Interactive BOM (ibom)
Generates an HTML page showing component locations on the PCB — essential for hand-assembly.
pip install InteractiveHtmlBom
generate_interactive_bom board.kicad_pcb \
--dest-dir bom/ --name-format "%f_ibom_%r" \
--extra-fields "MPN,Manufacturer,DigiKey,Mouser,LCSC" \
--group-fields "Value,Footprint,MPN" \
--checkboxes "Sourced,Placed" --dnp-field "DNP" --no-browser
Reference Files
Read these when you need detailed lookup data:
references/kicad-fields.md — field definitions, aliases, S-expression format, part number patternsreferences/ordering-and-fabrication.md — distributor paste formats, gerber export, CPL, cost templatesreferences/part-number-conventions.md — detailed analysis of naming patterns across 56+ real projects
Production Readiness Checklist
Generated Files & Cleanup
The BOM and distributor skills create files in the project tree. Know what they are so you can clean up or .gitignore them.

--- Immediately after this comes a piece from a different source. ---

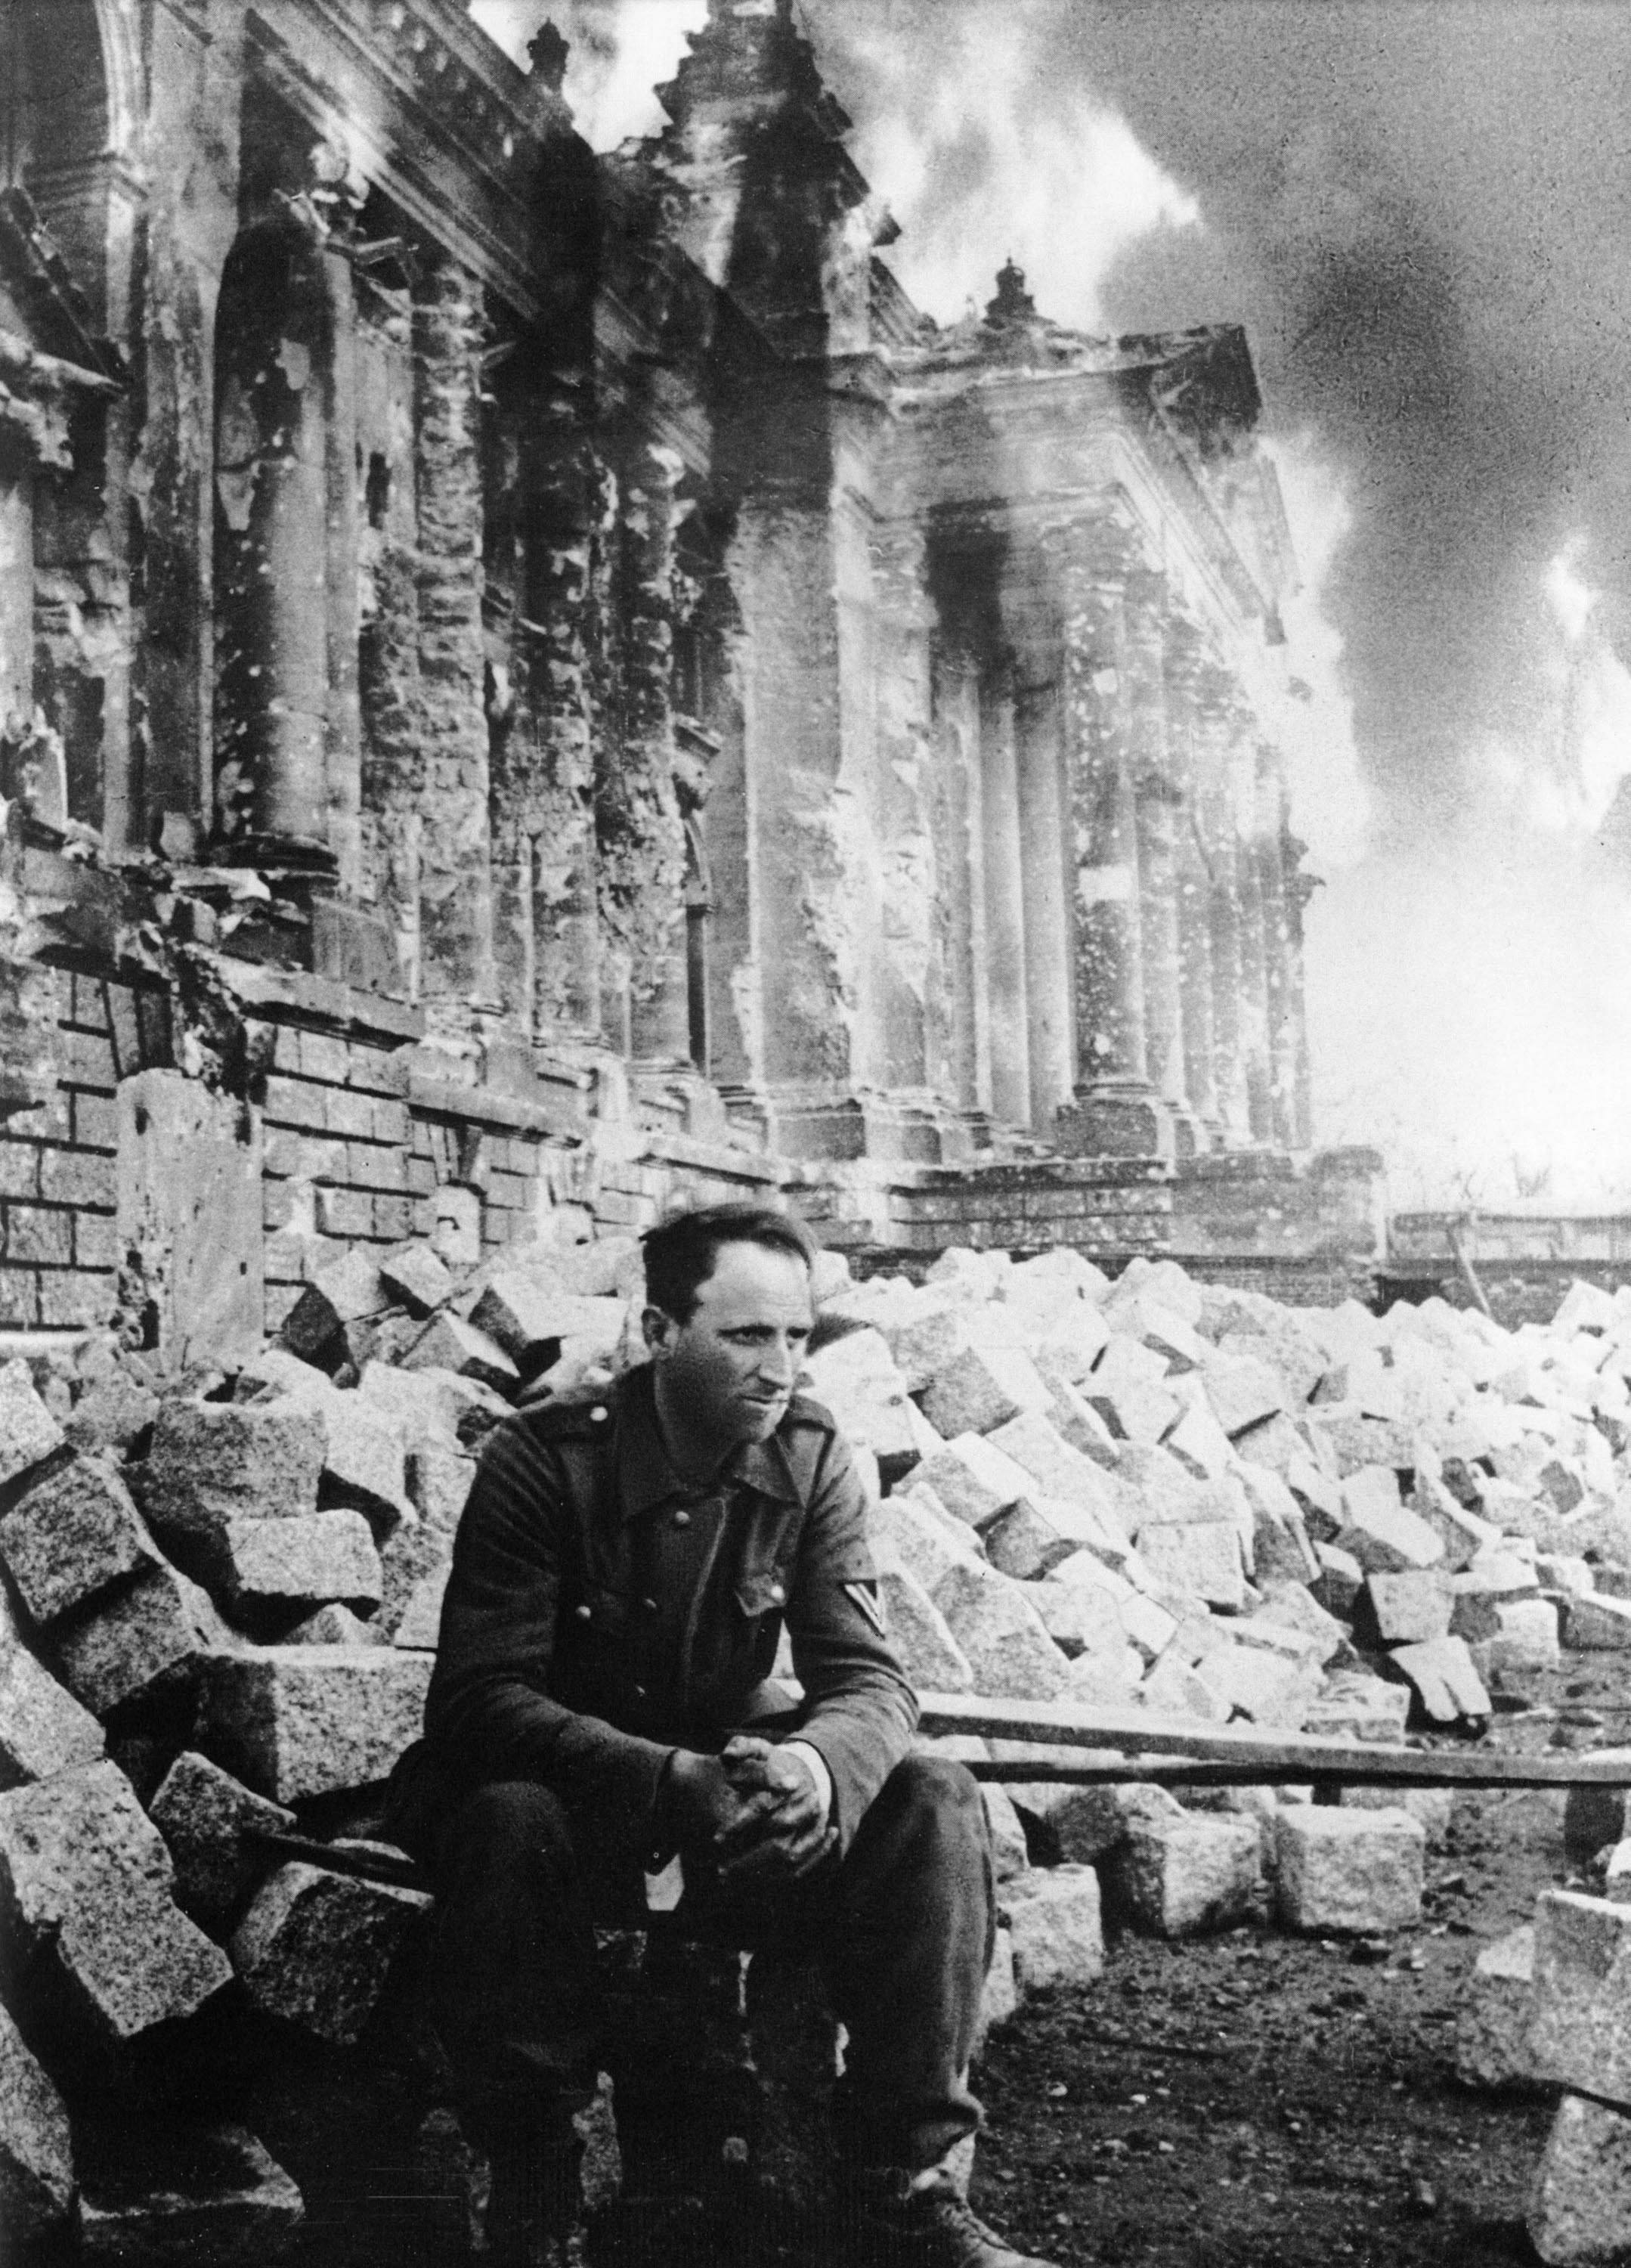 Пленный немецкий солдат на фоне горящего Рейхстага, Берлин, 1945 г. Знаменитая фотография, часто публиковавшаяся в книгах и на плакатах в СССР под названием "Энде" (нем. "Конец").

Files created in the project directory
| File/Dir | Created By | Purpose | Keep in git? |
|---|
datasheets/ | DigiKey, LCSC, element14, Mouser sync scripts | Downloaded PDF datasheets | No — large binaries, re-downloadable |
datasheets/index.json | Datasheet sync scripts | Tracks download status per MPN | No — regenerated by sync |
bom/bom.csv | bom_manager.py export | BOM tracking spreadsheet | Yes — user-curated data |
bom/orders/*.csv | bom_manager.py order | Per-distributor order upload files | No — regenerated before each order |
*.YYYYMMDD_HHMMSS.bak | edit_properties.py --backup | Schematic backup before edits | No — use git instead |
The kicad skill also creates analyzer JSON and design review markdown reports with user-chosen filenames — see its "Generated Files" section for tracking and cleanup guidance.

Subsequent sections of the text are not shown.